The exemptions discussed above are relevant for portfolio managers who only manage funds and directly distribute the units to investors. However, portfolio managers who offer advisory services to private clients and have discretionary management of individual, segregated client accounts may be able to use the exemption available under section 8.6 of NI 31‐103, if they use proprietary pooled funds to manage their clients' assets.
Traditionally, segregated, managed client accounts hold individual stocks and bonds; however, some portfolio managers find it easier and more efficient to use proprietary pooled funds to obtain the appropriate asset allocation to meet the clients' investment objectives.
Using the exemption under section 8.6 means that the portfolio manager is the principal and accredited investor of the pooled funds, not the client. The portfolio manager would then distribute the units of the pooled funds to the client accounts based on the agreed asset mix and investment objectives.

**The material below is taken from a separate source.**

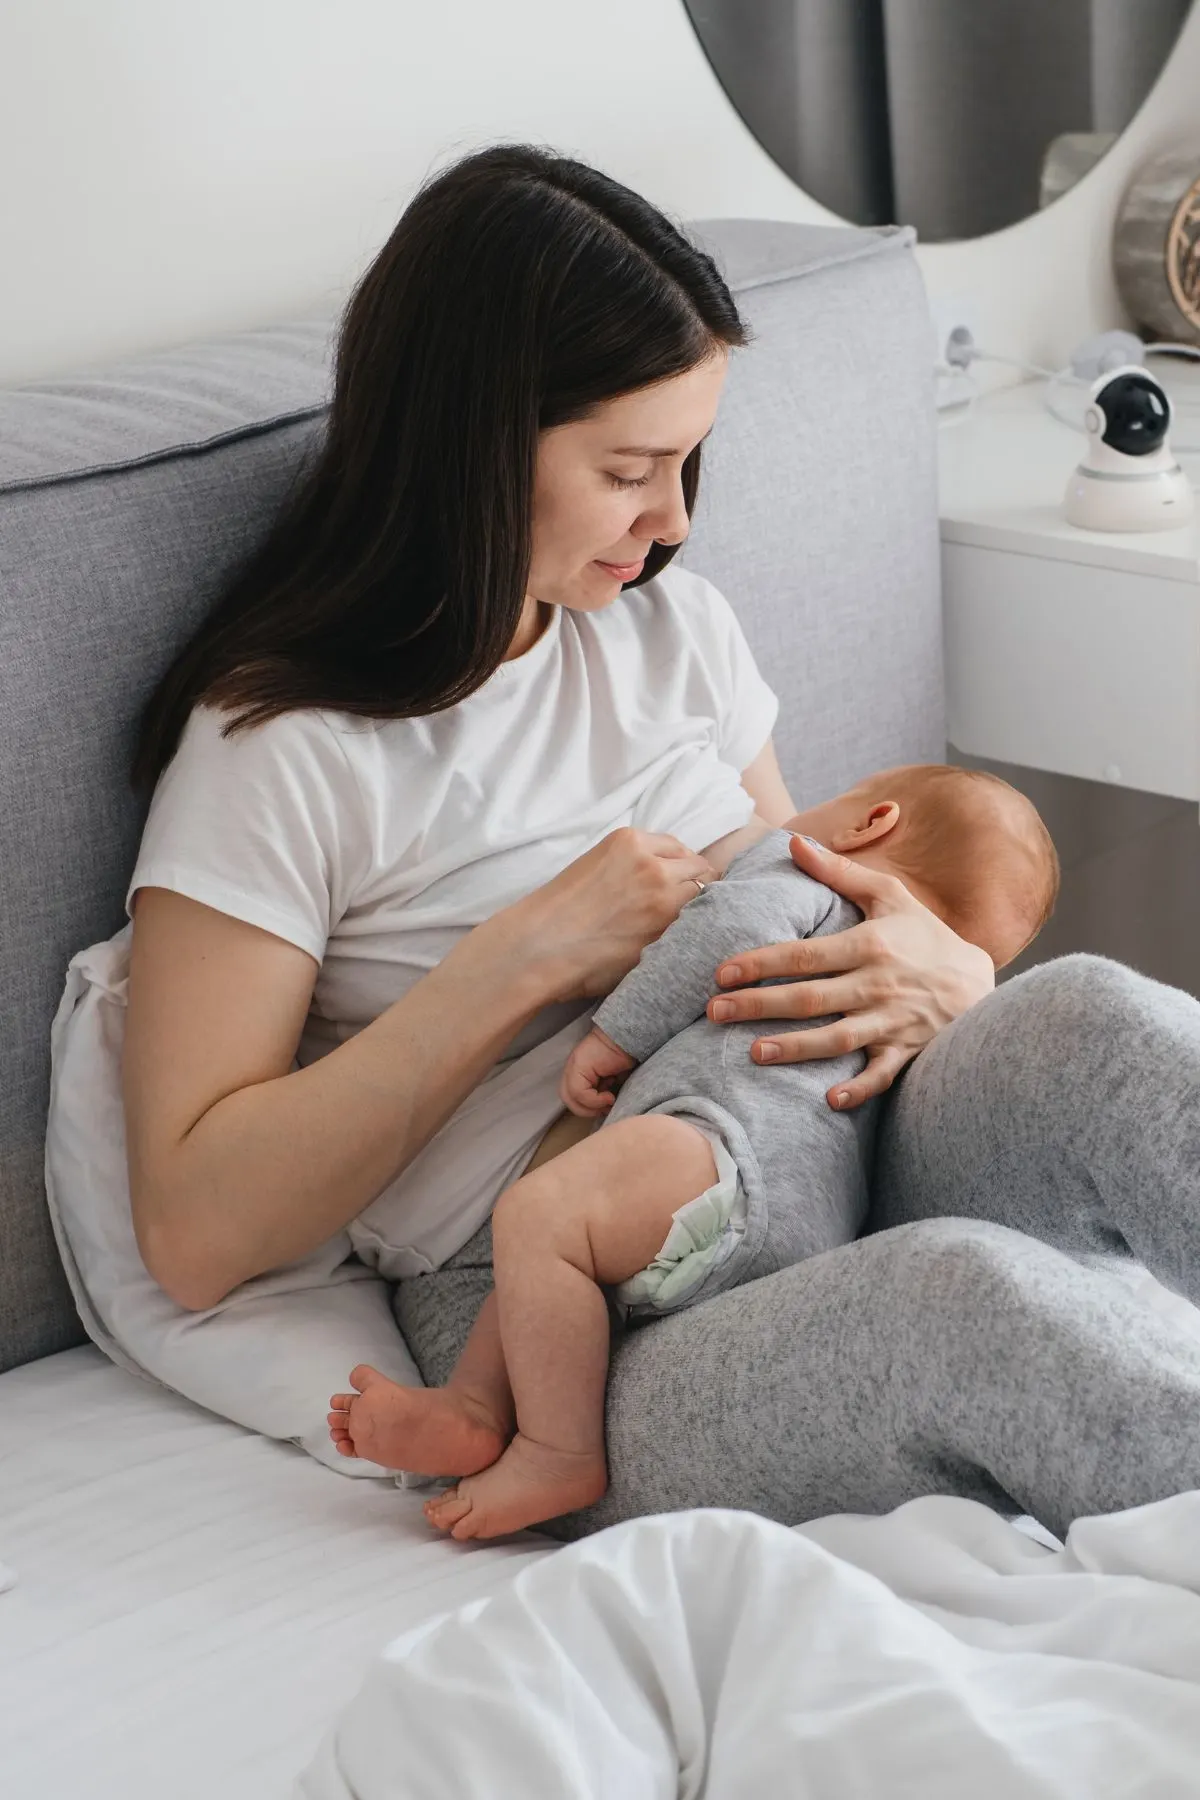 A sick woman breastfeeding her baby while sitting in bed.

The portfolio manager is required to file a distribution report and pay fees on an annual basis (see next section).
Depending on the exemption, the fund may have a reporting requirement and a fee payment to the securities regulator when the fund makes distributions. Fund managers should review section 6.1 of NI 45‐106 for a list of the exemptions that require a Form 45‐106F1 Report of Exempt Distribution to be filed. In British Columbia, issuers must use the BCSC eServices web-based filing system to submit a report, unless they are filing reports of exempt distribution annually.
Normally, a fund manager must file a report of exempt distribution and submit a fee payment within 10 days of a distribution. However, some exemptions allow the fund manager to file a report and pay the required fee once a year. The annual filing provision is in section 6.2(2) of NI 45‐106 and funds that rely on the following prospectus exemptions in NI 45-106 may file reports annually:
- Section 2.3 Accredited investor
- Section 2.10 Minimum amount investment
- Section 2.19 Additional investment in investment funds
The annual filing deadline is within 30 days of the calendar year‐end. For example, if a fund only distributes units using the three exemptions listed above, for any distributions in 2016, the fund must file the report and pay the fee by January 30, 2017.

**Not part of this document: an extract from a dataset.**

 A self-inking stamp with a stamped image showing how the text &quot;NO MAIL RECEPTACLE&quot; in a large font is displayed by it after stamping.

Funds relying on other prospectus exemptions, such as the offering memorandum exemption, must file a report of exempt distribution and pay the required fee within 10 calendar days of the distribution.
No matter which exemption an exempt fund uses to distribute units of the fund, registrants who distribute the units have an obligation to know‐your‐client (KYC) and assess the suitability of the fund for the investor.

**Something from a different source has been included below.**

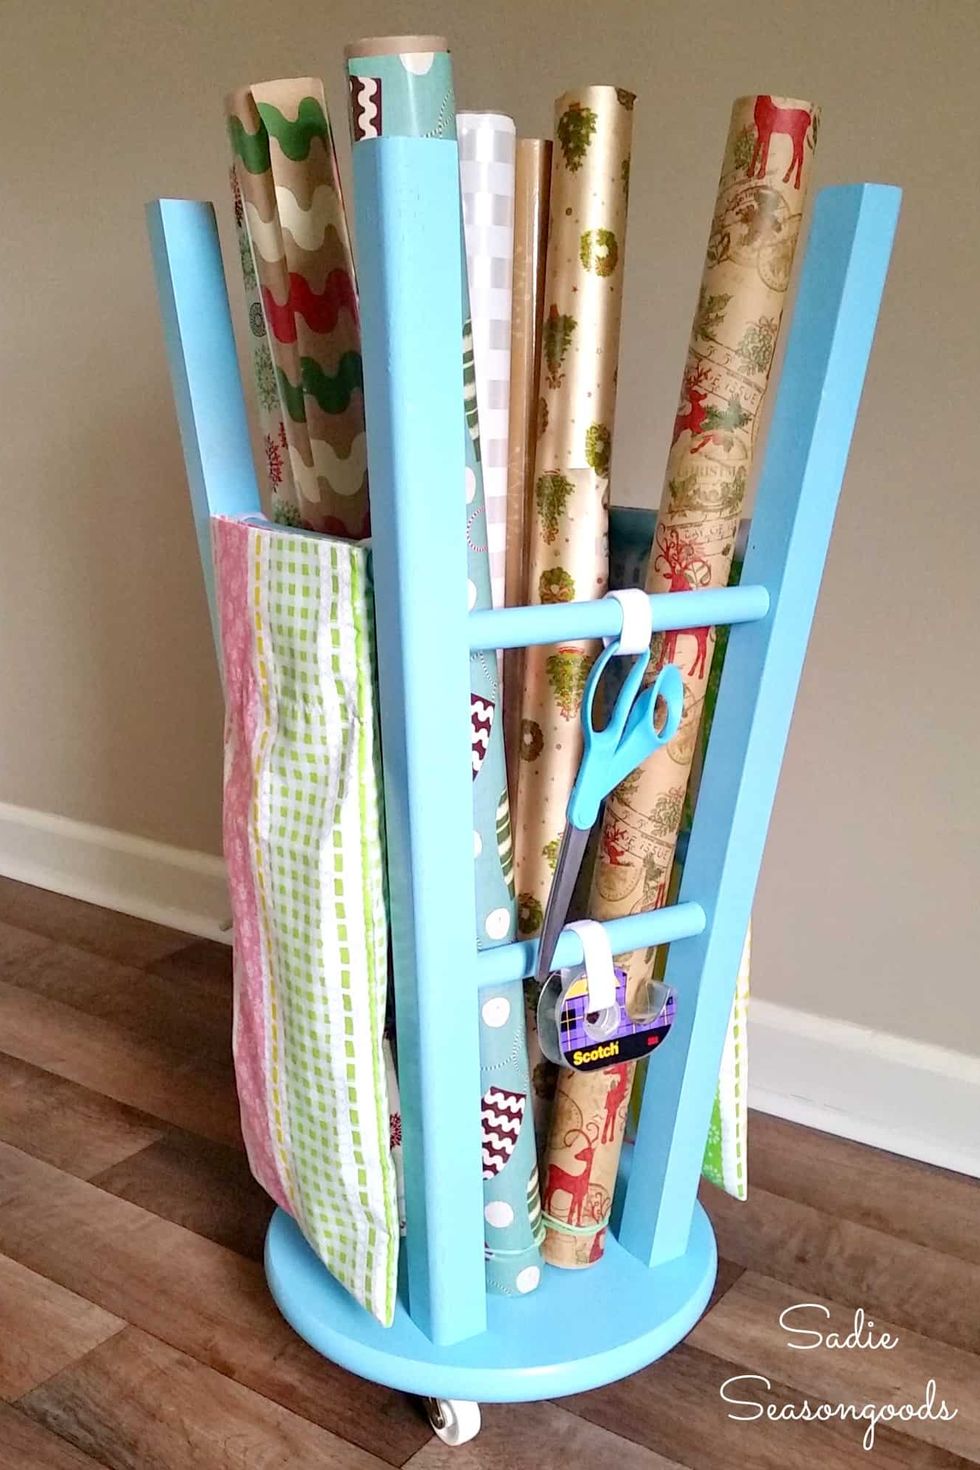 Once You Own a Wrapping Paper Organizer, You Won't Know How You

A subscription agreement is a common method of formalizing the purchase and sale contract between the exempt fund and the investor, but it does not replace the KYC obligation. We expect registrants who distribute exempt funds to complete a KYC form and suitability review for every new investor. Distributors can be fund managers or related parties registered as EMDs, portfolio managers or third party dealers.
The exempt regime is a cost‐effective way to distribute units of exempt funds, but fund managers need to understand which exemptions are most appropriate for their investors.
Issuers that raise capital improperly can face regulatory action, such as:
- a cease trade order against any new distributions
- having to offer a right of rescission to investors
- reputational damage to the firm and its related parties
Fund managers should review the exemptions separately and not combine them with each other, as each exemption is only appropriate for specific classes of investors.